━━━━━ RECORDS TO USE

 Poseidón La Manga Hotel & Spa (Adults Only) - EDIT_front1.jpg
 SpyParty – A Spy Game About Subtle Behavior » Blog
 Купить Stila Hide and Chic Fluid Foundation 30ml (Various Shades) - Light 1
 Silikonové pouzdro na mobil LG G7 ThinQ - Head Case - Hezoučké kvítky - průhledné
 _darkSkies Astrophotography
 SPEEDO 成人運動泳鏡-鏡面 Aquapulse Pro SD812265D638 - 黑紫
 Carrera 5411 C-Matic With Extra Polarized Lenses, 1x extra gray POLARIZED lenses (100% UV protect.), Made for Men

━━━━━━━━━━

**YOUR ASSIGNMENT**. Would you please set down the lines from the one with "Купить Stila Hide" to the end of the data above, exactly and without any other lines?

**ANSWER TO THIS PROBLEM**.
 Купить Stila Hide and Chic Fluid Foundation 30ml (Various Shades) - Light 1
 Silikonové pouzdro na mobil LG G7 ThinQ - Head Case - Hezoučké kvítky - průhledné
 _darkSkies Astrophotography
 SPEEDO 成人運動泳鏡-鏡面 Aquapulse Pro SD812265D638 - 黑紫
 Carrera 5411 C-Matic With Extra Polarized Lenses, 1x extra gray POLARIZED lenses (100% UV protect.), Made for Men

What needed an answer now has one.